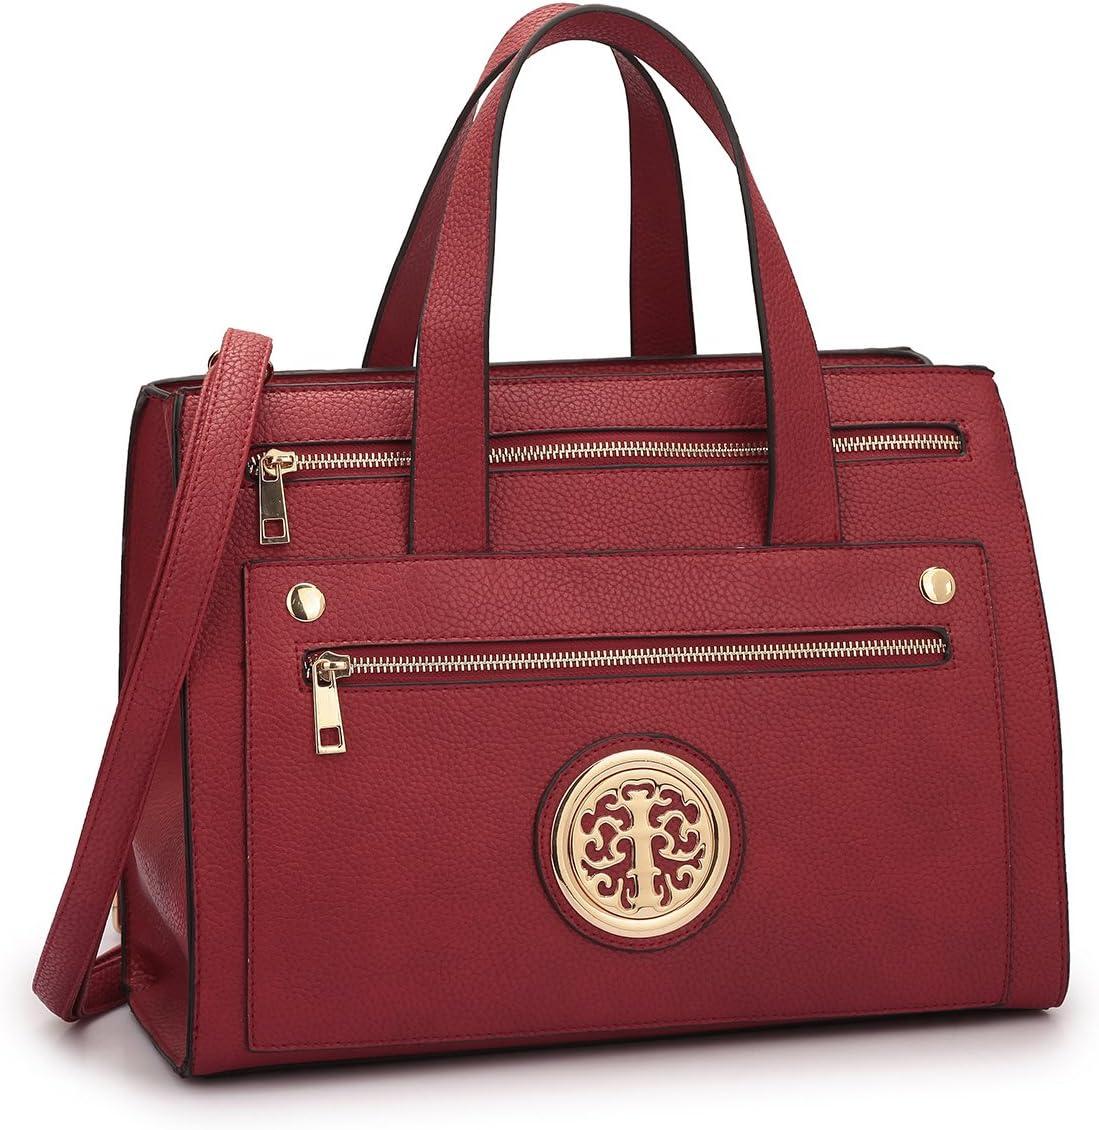 Fashion Women Top Handle Handbags Satchel Purse Hobo Tote Shoulder Bag 7042-RD
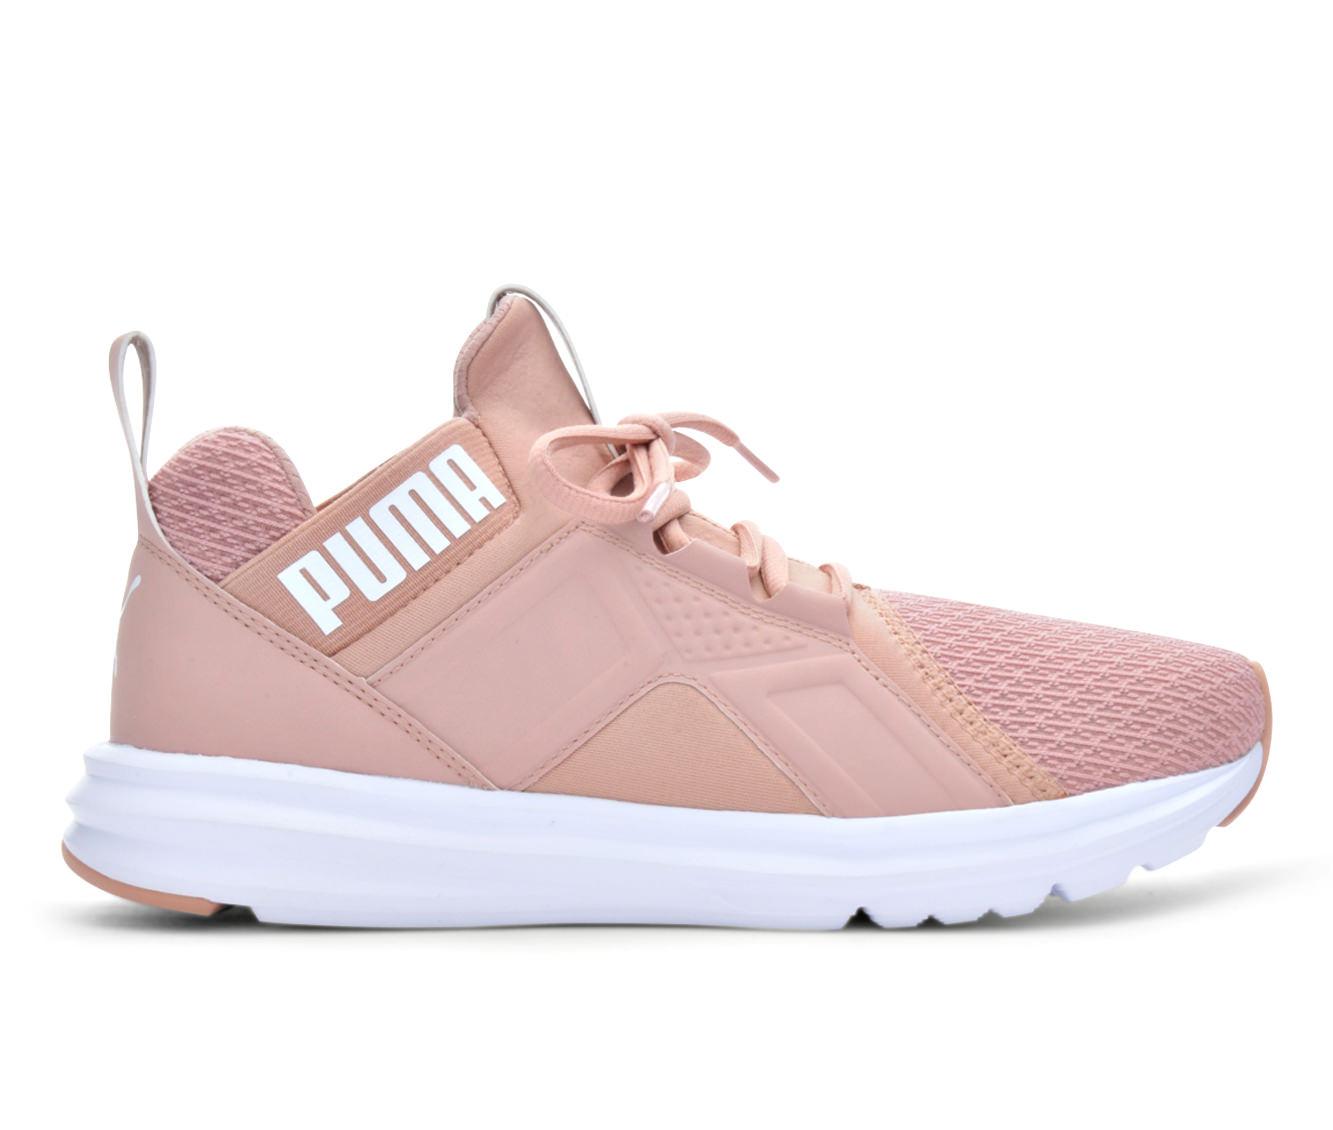 Women's Puma Zenvo Sneakers (Pink - Size 6) 1665754
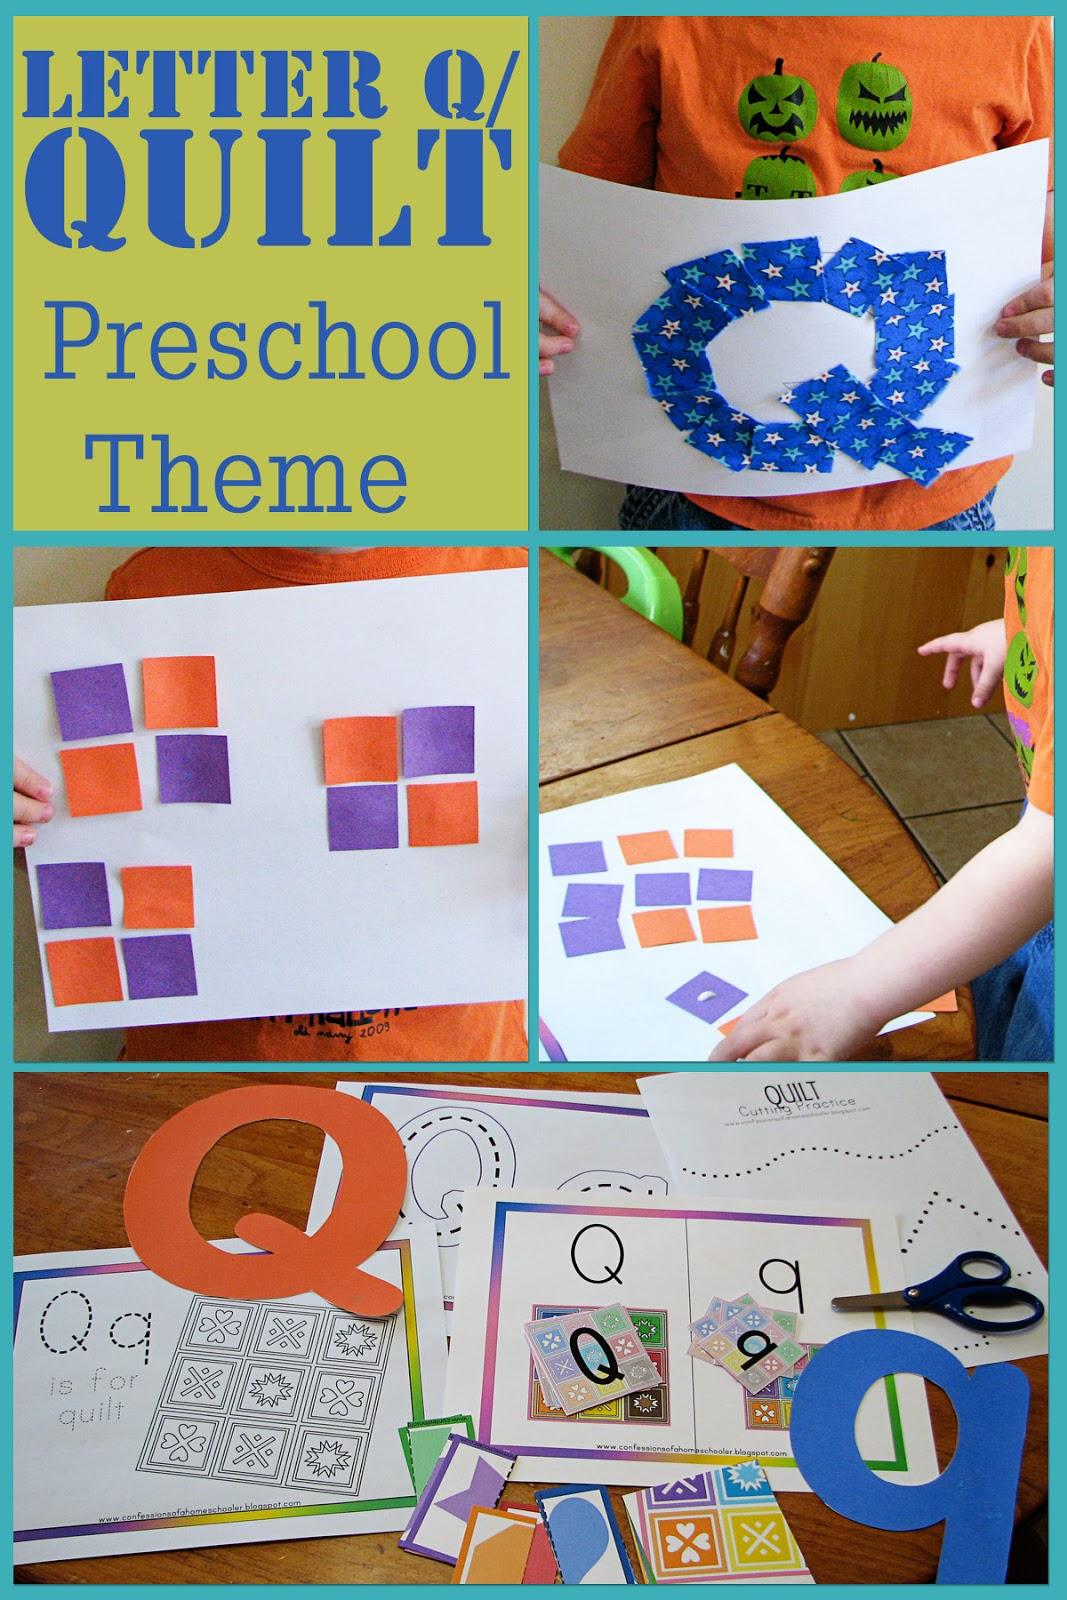 mommy u0026 39 s little helper  letter q  quilt preschool theme
★ ★ ★ ★
- _YOUR GOAL_:
Please set down the whole listing exactly, apart from the pictures.

- _TASK ANSWER_:
 Fashion Women Top Handle Handbags Satchel Purse Hobo Tote Shoulder Bag 7042-RD
 Women's Puma Zenvo Sneakers (Pink - Size 6) 1665754
 mommy u0026 39 s little helper  letter q  quilt preschool theme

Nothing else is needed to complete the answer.